Batch Gradient Descent for univariate linear regression

$Repeat until convergence$
${$

\begin{aligned} θ_{0} & := θ_{0} + α \frac{1}{m} \sum_{i = 1}^{m} (h_{θ} (x_{i}) - y_{i}) \\ θ_{1} & := θ_{1} + α \frac{1}{m} \sum_{i = 1}^{m} (h_{θ} (x_{i}) - y_{i}) x_{i} \end{aligned}

$}$

$\begin{aligned} with α & = the learning rate \\ m & = the number of training examples \\ x_{i} & = the input (feature) of the i^{t h} training example \\ h_{θ} (x_{i}) & = the computed ouput of the i^{t h} training example \\ y_{i} & = the expected output of the i^{t h} training example \end{aligned}$

Batch Gradient Descent for multivariate linear regression

$Repeat until convergence$
${$

\begin{aligned} θ_{0} & := θ_{0} + α \frac{1}{m} \sum_{i = 1}^{m} (h_{θ} (x_{i}) - y_{i}) x_{i 0} \\ θ_{1} & := θ_{1} + α \frac{1}{m} \sum_{i = 1}^{m} (h_{θ} (x_{i}) - y_{i}) x_{i 1} \\ ⋮ \\ θ_{n} & := θ_{n} + α \frac{1}{m} \sum_{i = 1}^{m} (h_{θ} (x_{i}) - y_{i}) x_{i n} \end{aligned}

$}$

$\begin{aligned} with α & = the learning rate \\ n & = the number of features \\ m & = the number of training examples \\ x_{i} & = the input (feature) of the i^{t h} training example \\ h_{θ} (x_{i}) & = the computed ouput of the i^{t h} training example \\ y_{i} & = the expected output of the i^{t h} training example \\ y_{i j} & = the value of feature j in the i^{t h} training example \end{aligned}$

Vectorized Batch Gradient Descent

θ := θ - α \frac{1}{m} X^{T} (X θ - \vec{y})
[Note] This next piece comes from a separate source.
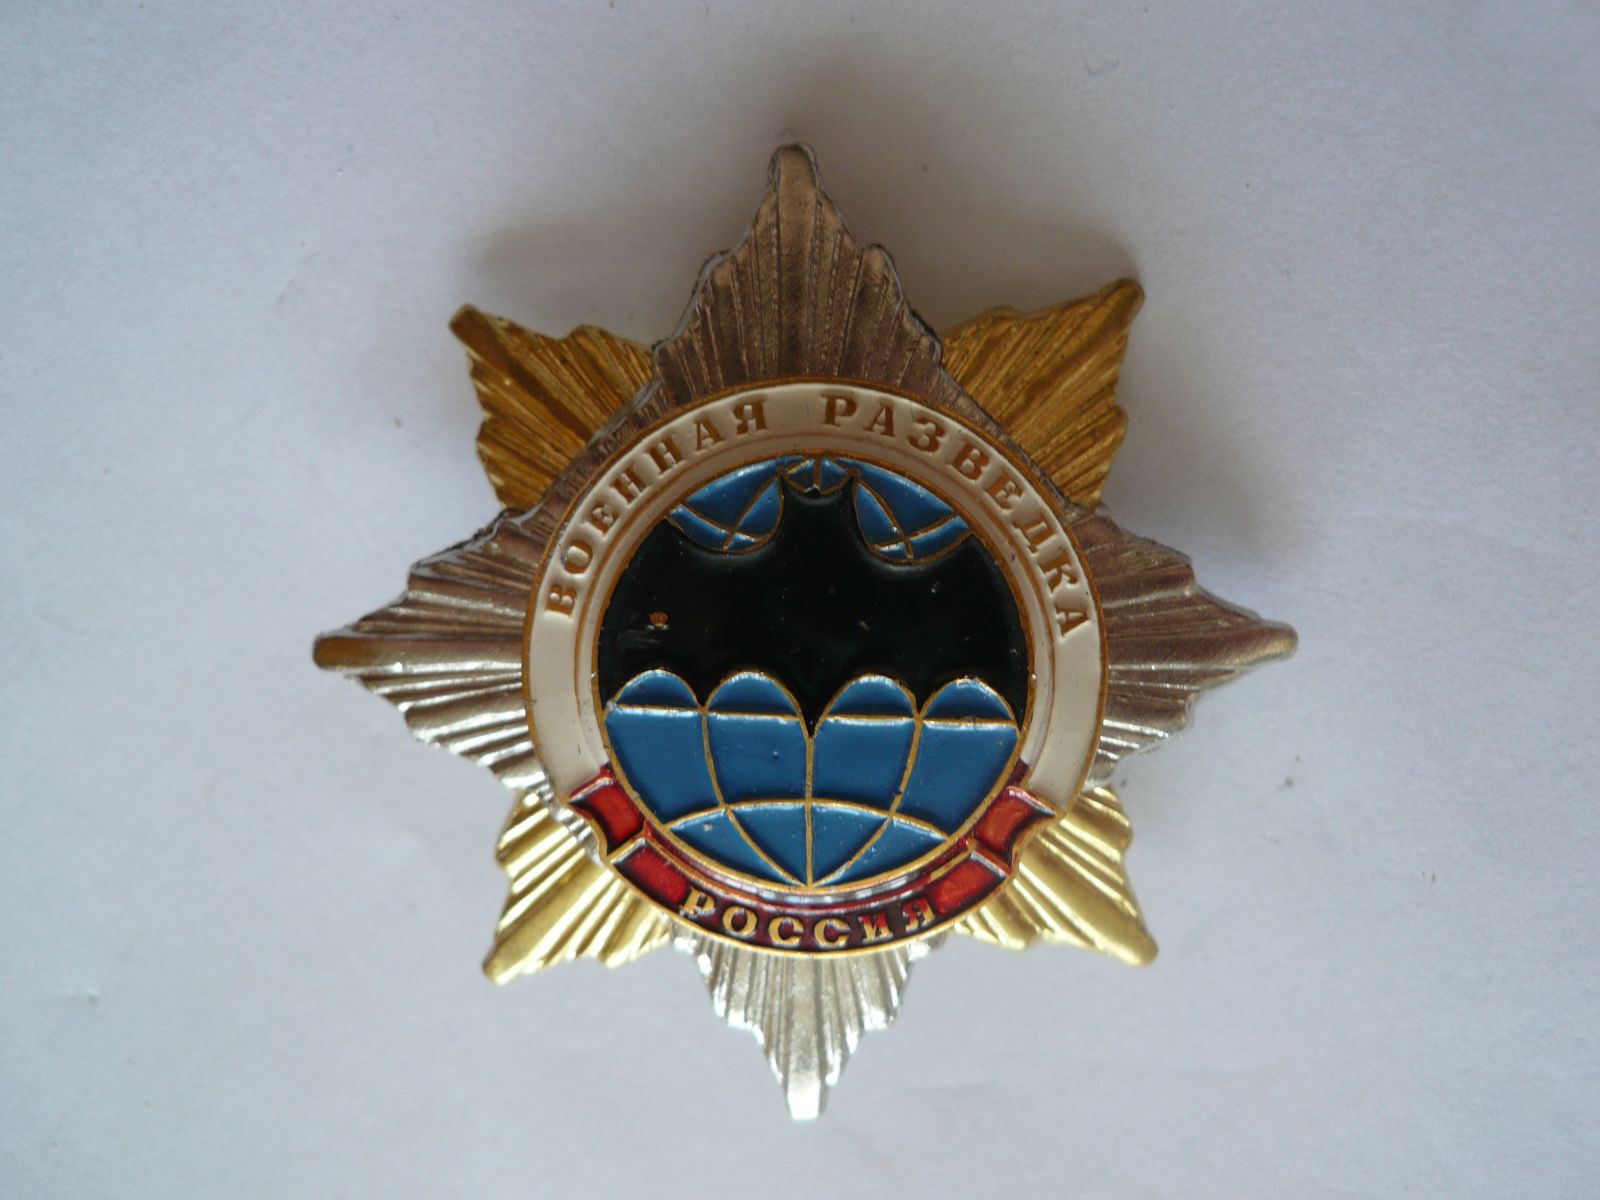 Záslužná hvězda - průzkumní jednotky, Rusko

$\begin{aligned} with α & = the learning rate \\ m & = the number of training examples \\ X & = a matrix of the training examples arranged as rows of X \\ \vec{y} & = a vector of all the expected output values \end{aligned}$

The “default” gradient descent algorithm is the batch gradient descent algorithm which uses all the TRAINING EXAMPLES training examples available.

⚠️ TODO : Add other types of gradient descents HERE.
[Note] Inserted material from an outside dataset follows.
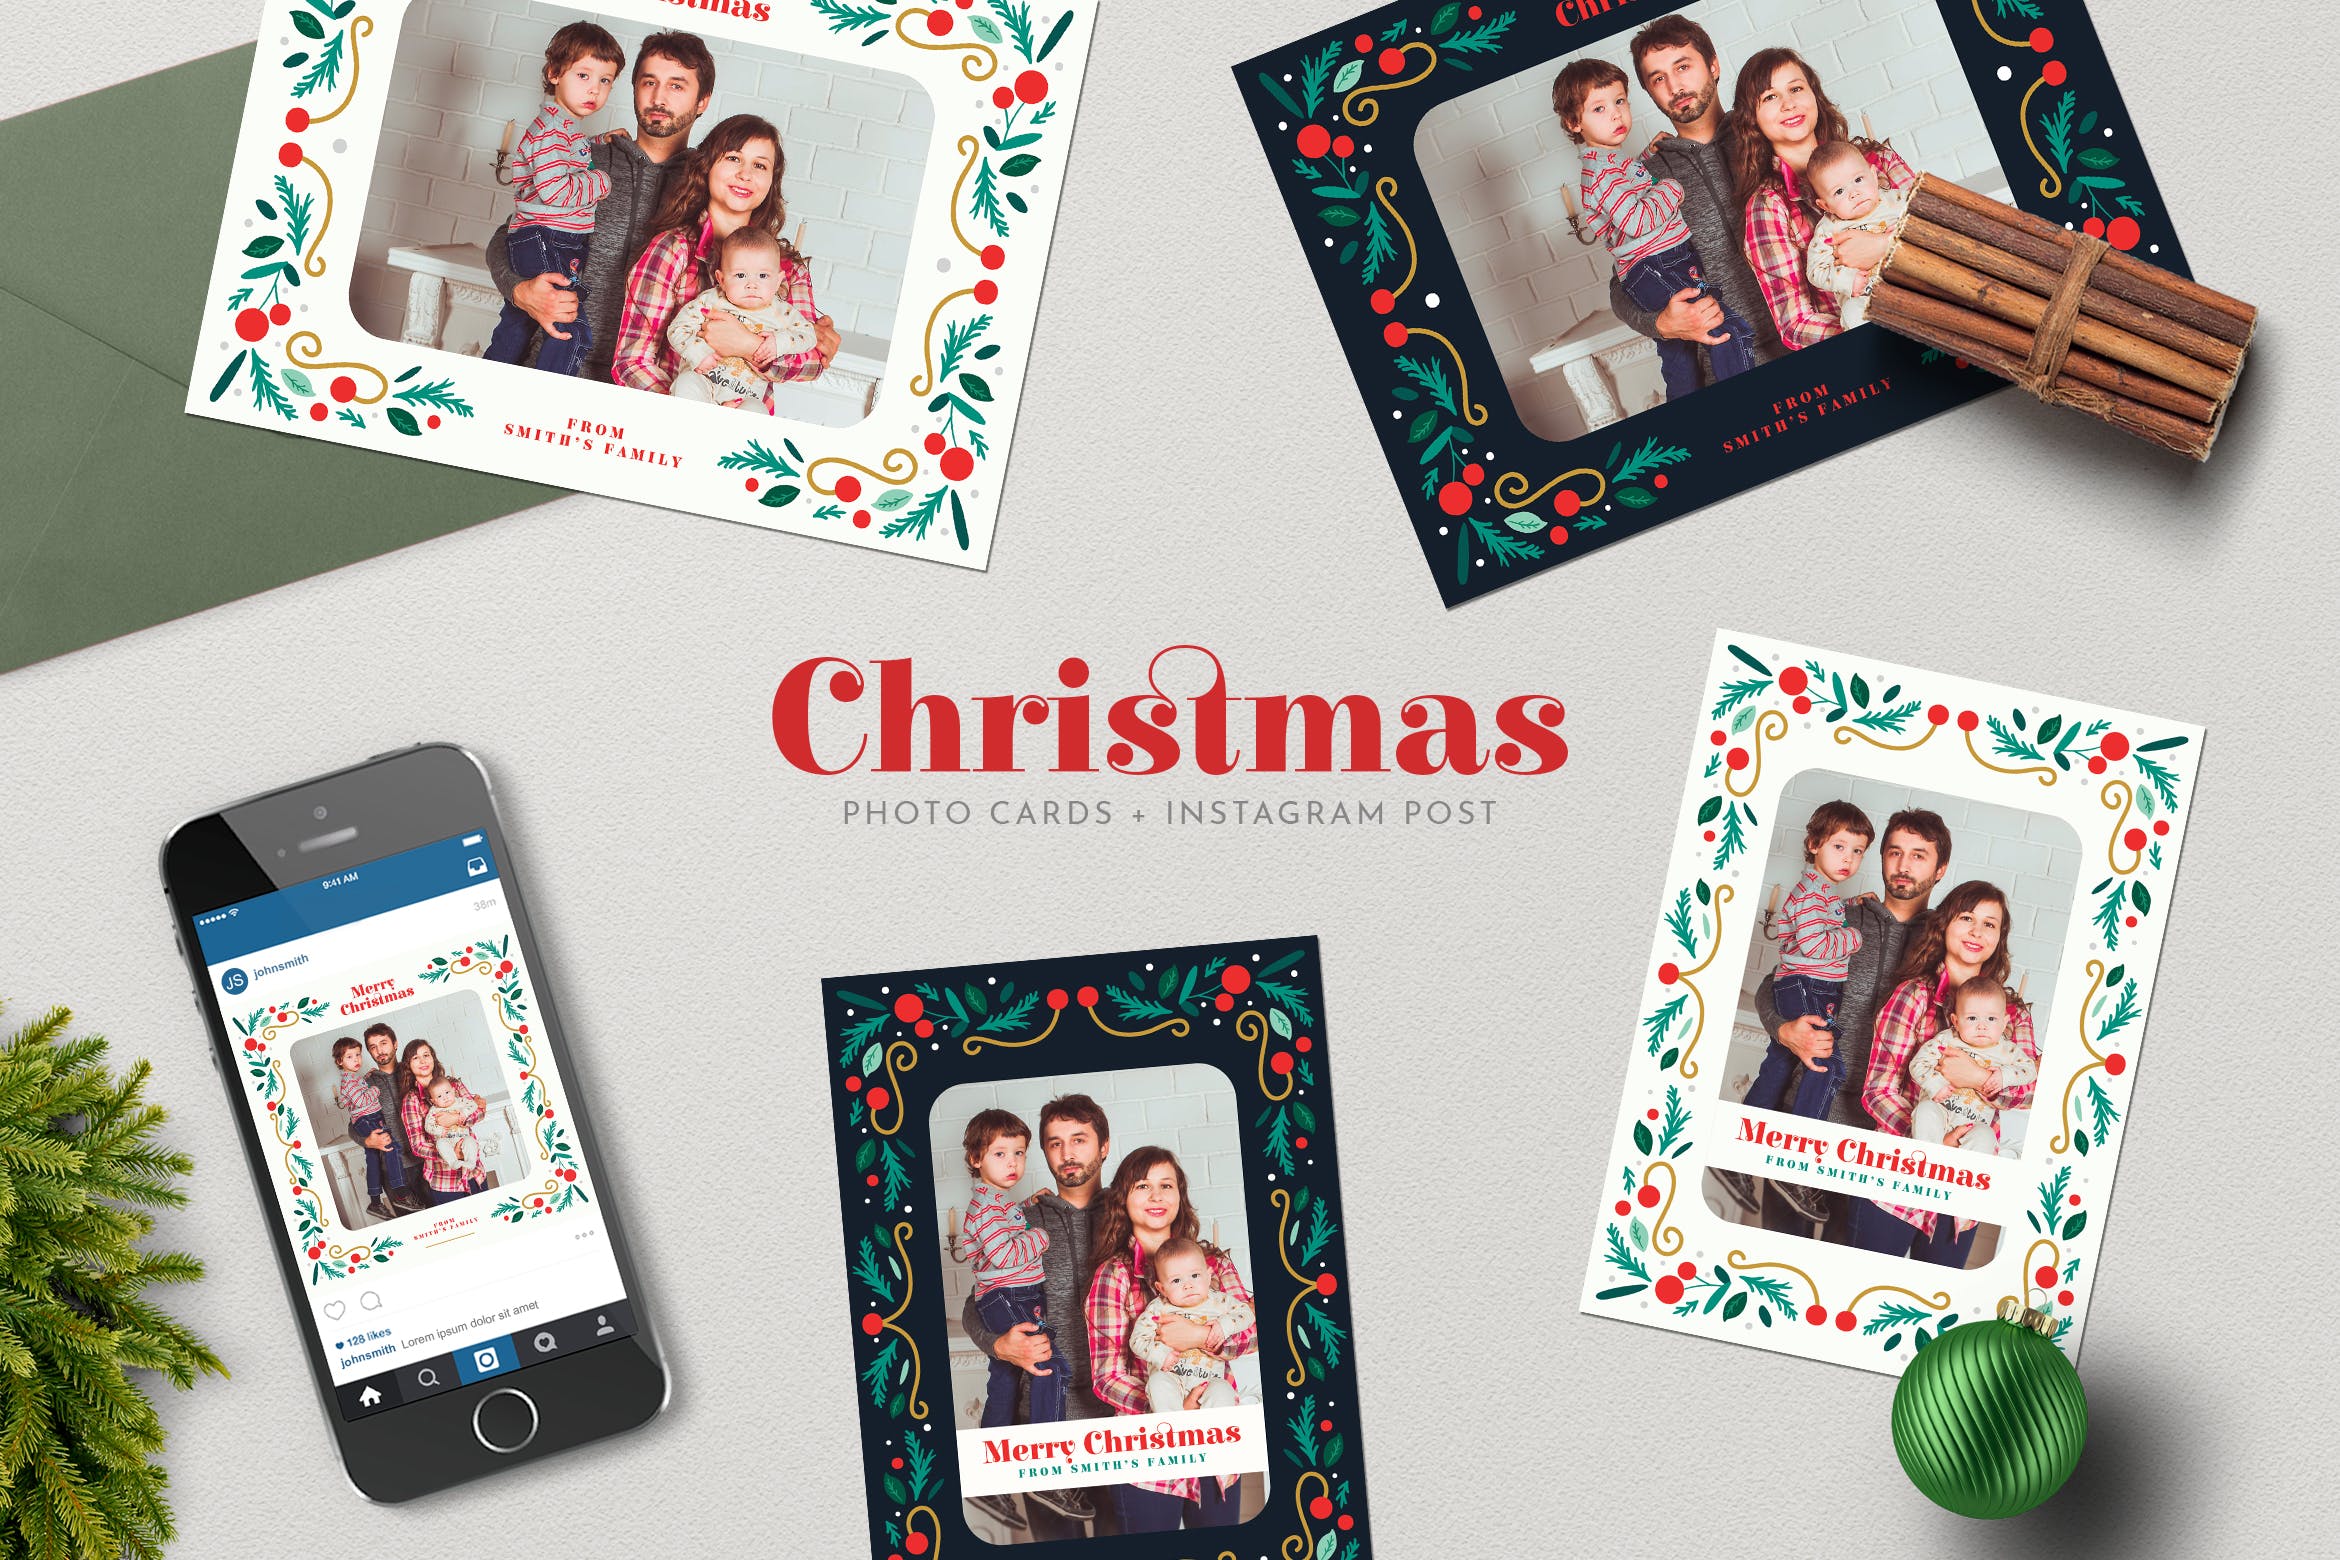 圣诞节照片明信片&Instagram贴图设计模板16图库精选 Christmas PhotoCards +Instagram Post插图

Debugging Gradient Descent

The simplest way to debug a gradient descent is to make a plot with the number of iterations and the Cost function $J (θ)$ .

The learning rate $α$ must neither be too large nor too low.
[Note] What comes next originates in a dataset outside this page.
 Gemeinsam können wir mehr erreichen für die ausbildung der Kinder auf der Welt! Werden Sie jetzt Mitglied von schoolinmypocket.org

If the learning rate $α$ is too large, (like the ...orange... lines above) the gradient descent will have difficulties converging.
If the learning rate $α$ is too low, the gradient descent will eventually converge, but it will take time...
If the learning rate $α$ is just right, the gradient descent will be in its best configuration to quickly converge.

So, one good way to choose $α$ is to start with a small value and to progressively increase it by almost 3 (… 0.001, 0.003, 0.01, 0.03, 0.1, 0.3, 1 …) as long as $J (θ)$ do not increase.